Ultimately, Linux's goal is to support the hardware; that support may be done in such a way to discourage future "bad" hardware, but it still has to be there as proper support, if the features have merit. For example, we have a patch series in review right now to support KVM on the M1, because (surprise surprise) Apple did some nonstandard stuff there too. It's definitely not going in staging though :)

On the other hand, it's less likely that mainline Linux will quickly gain support for, say, things like Apple's proprietary security features (their pointer auth extensions, paging protection stuff, etc) unless there are similar mechanisms implemented in other vendors' CPUs, because those things provide only marginal benefit for end users of specific systems, and Linux has bigger security fish to fry first.

pabs3 · on May 21, 2021

Linux has other code for dealing with quirks in hardware, so why not RISC-V and KVM? Just implement the draft now and later add a way to use the draft code for hardware implementing the draft spec and final code for hardware implementing the final spec.

cratermoon · on May 21, 2021

The million dollar unanswered question here is: who is benefitting from the deadlock over KVM specifications becoming Frozen?

tytso · on May 21, 2021

The usual answer when this things happens in standards committees is those companies who aren't ready to ship product yet. If they can stall the official release of the standard, then it gives them time to catch up. Of course, other companies can release hardware on the not-quite-released standard. There were v.90 modems that were pre-standardization for at least 2-3 years. All this does is harm the consumer at that point, since it impacts interoperability; making companies wait to ship products that they have working because of one laggard is just not fair.
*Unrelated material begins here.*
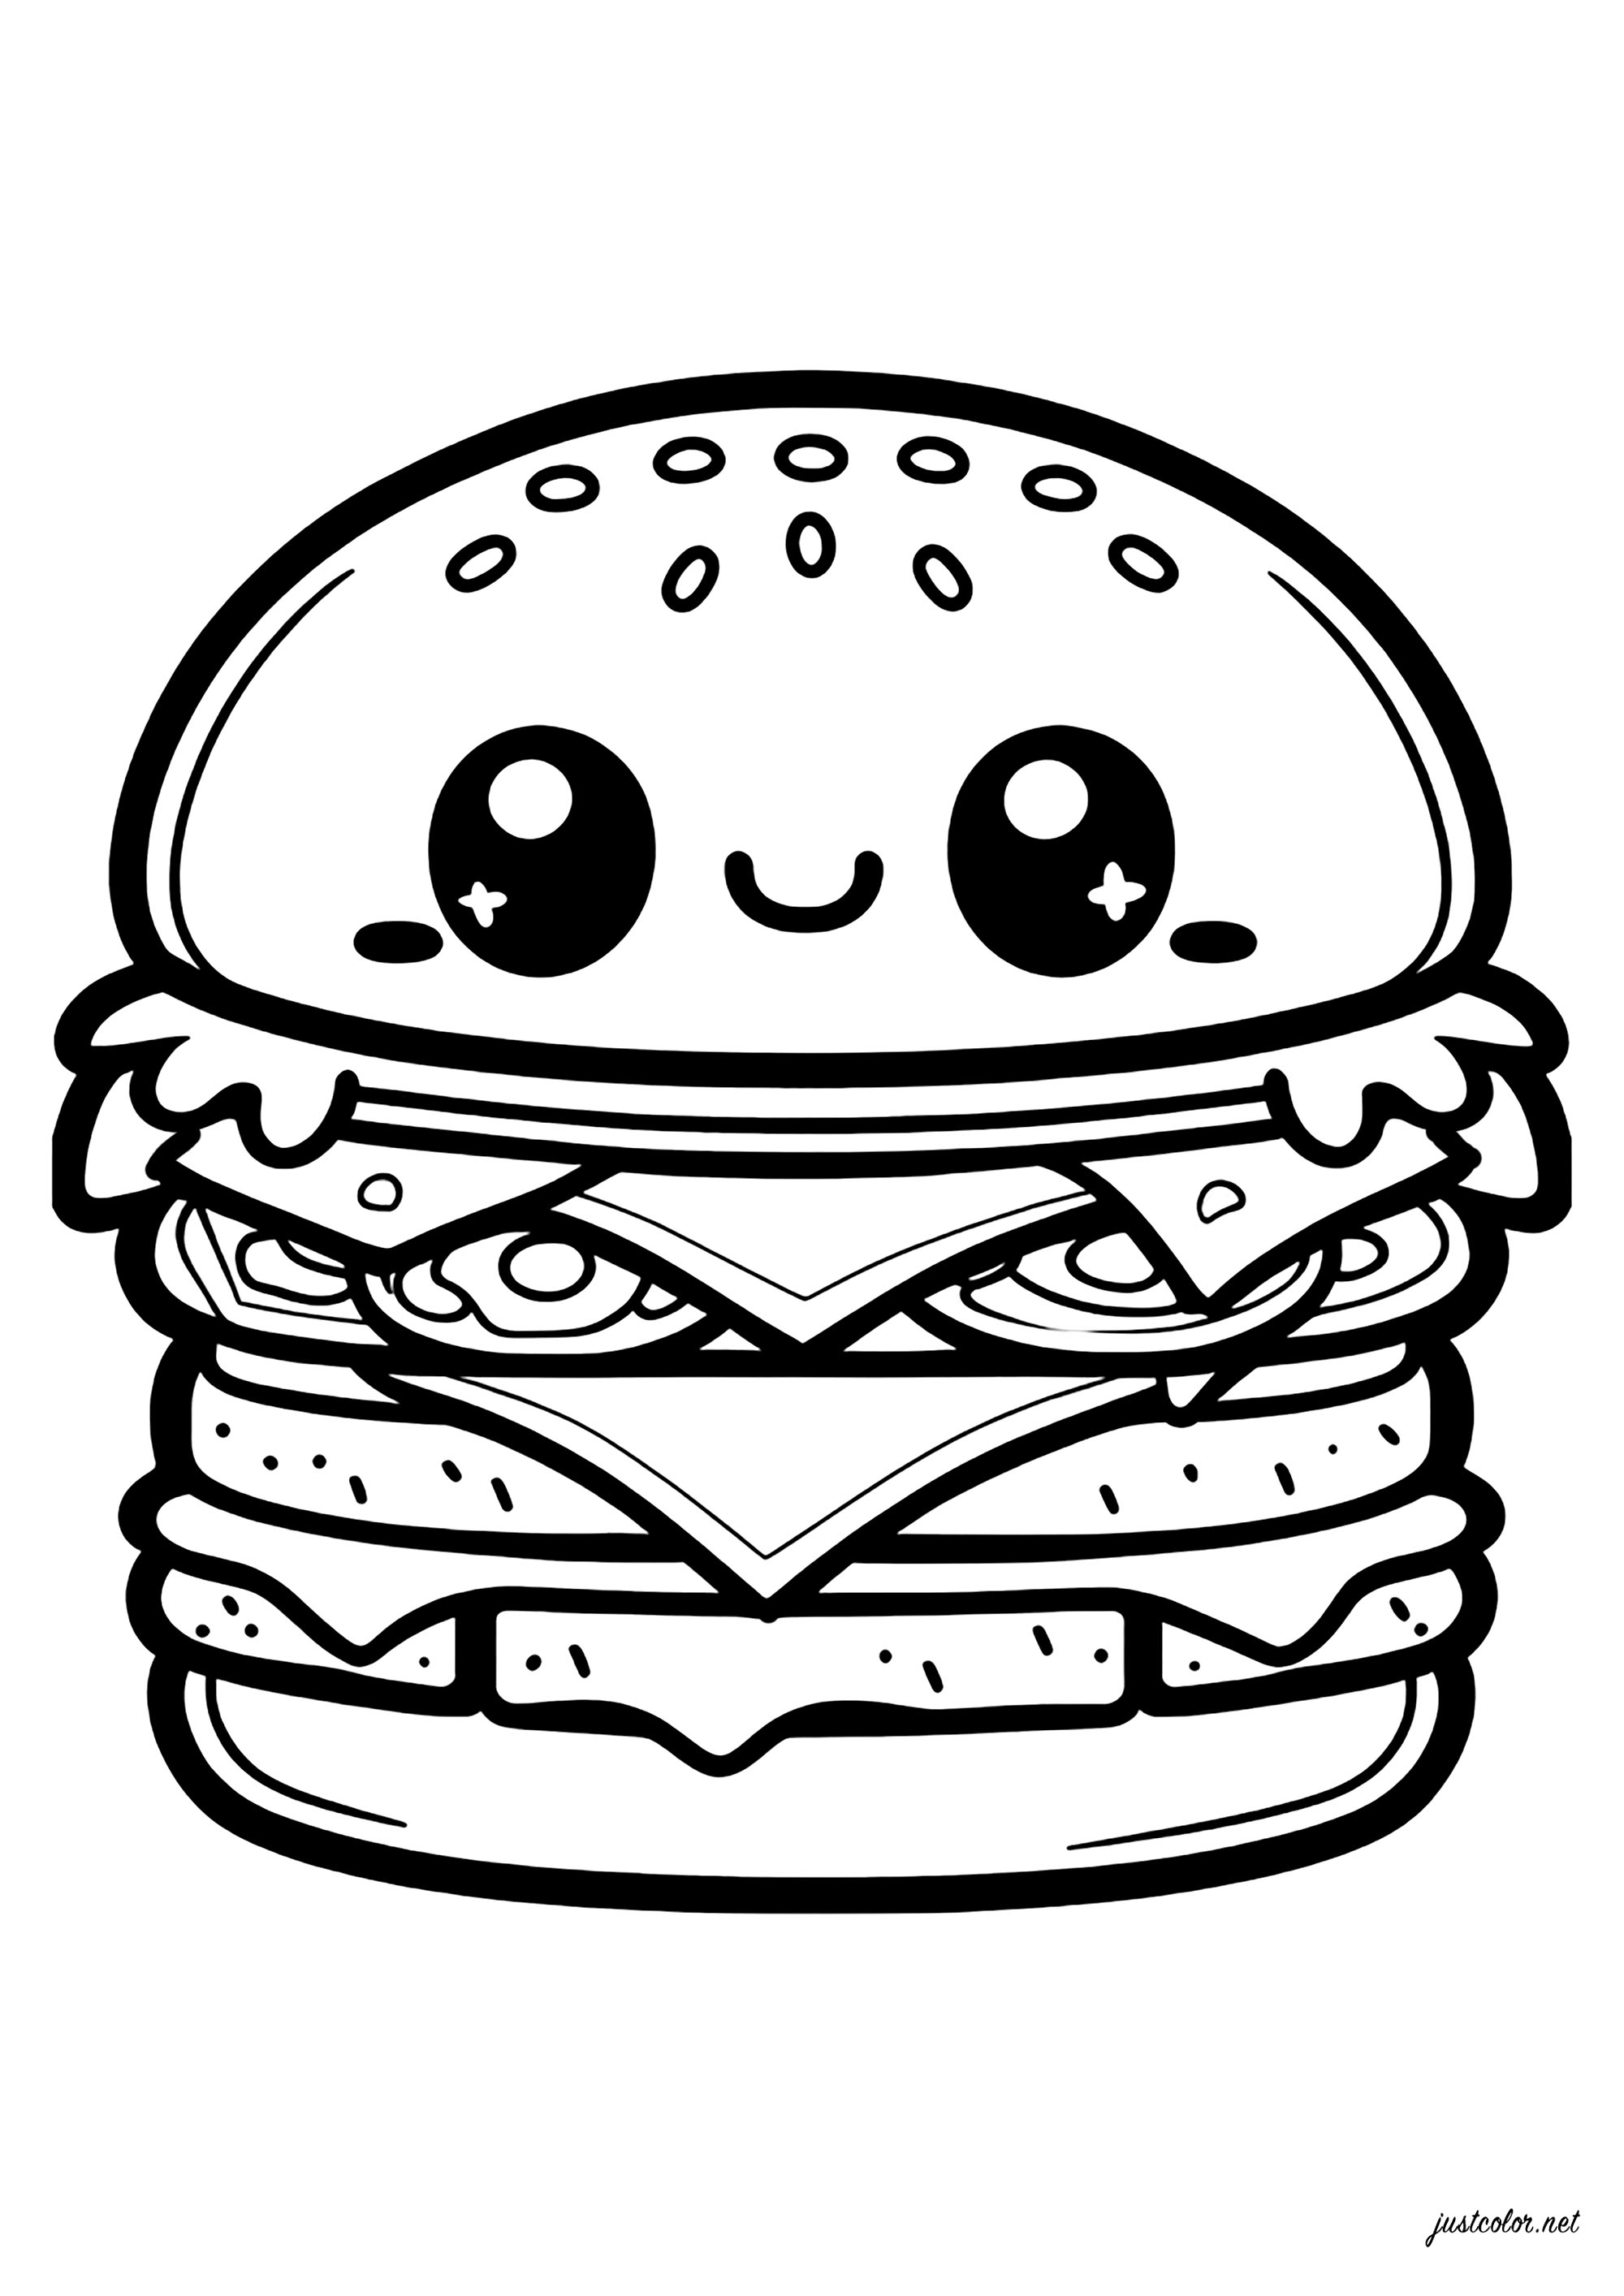 Hamburger gourmand. Hamburger dessiné avec le style kawaii avec plusieurs couches de nourriture : fromage, steak, tranches de tomates, salade, oignons ... Chaque couche est clairement définie, un vrai délice !

"There comes a time in every project when you must shoot the engineers and begin production.”

makomk · on May 21, 2021

Hmmm. I wonder if this is what happened to Bluetooth LE Audio and if so who the laggard is...

CGamesPlay · on May 21, 2021

I don’t understand what the point of the staging team is. It seems like it will always have these conflicts with all of the functional teams, and for what gain? Specifically why isn’t staging a subdirectory of each functional team?

jchw · on May 21, 2021

I hope they come to what seems to be the most reasonable conclusion (that the RISC-V patch acceptance policy should be adjusted.) The way I see it, Linux runs on and supports all kinds of stuff that is not well-specced and subject to change, and sometimes reverse-engineered. While the patch policy has good intentions, I think when silicon is shipping and emulators are emulating things it would make sense for Linux to support it. So let’s hope it works out.

The staging approach would sound reasonable on the surface, until you realize the Linux staging subsystem is more specific[1] than the name implies, and not just a dumping ground for stuff that can’t be merged for other reasons.

[1]: https://lwn.net/Articles/324279/

ineedasername · on May 21, 2021

Am I wrong to take away from this that there is a critically useful piece of software going unsupported because of bureaucratic policies and turf wars?

tux3 · on May 21, 2021

I wouldn't say unsupported, but it's out of tree, which is a small step up.

lostmsu · on May 24, 2021

So why is KVM feature for RISC-V not frozen yet?

webaholic · on May 21, 2021

"Company X" in the comments is SiFive, I am guessing?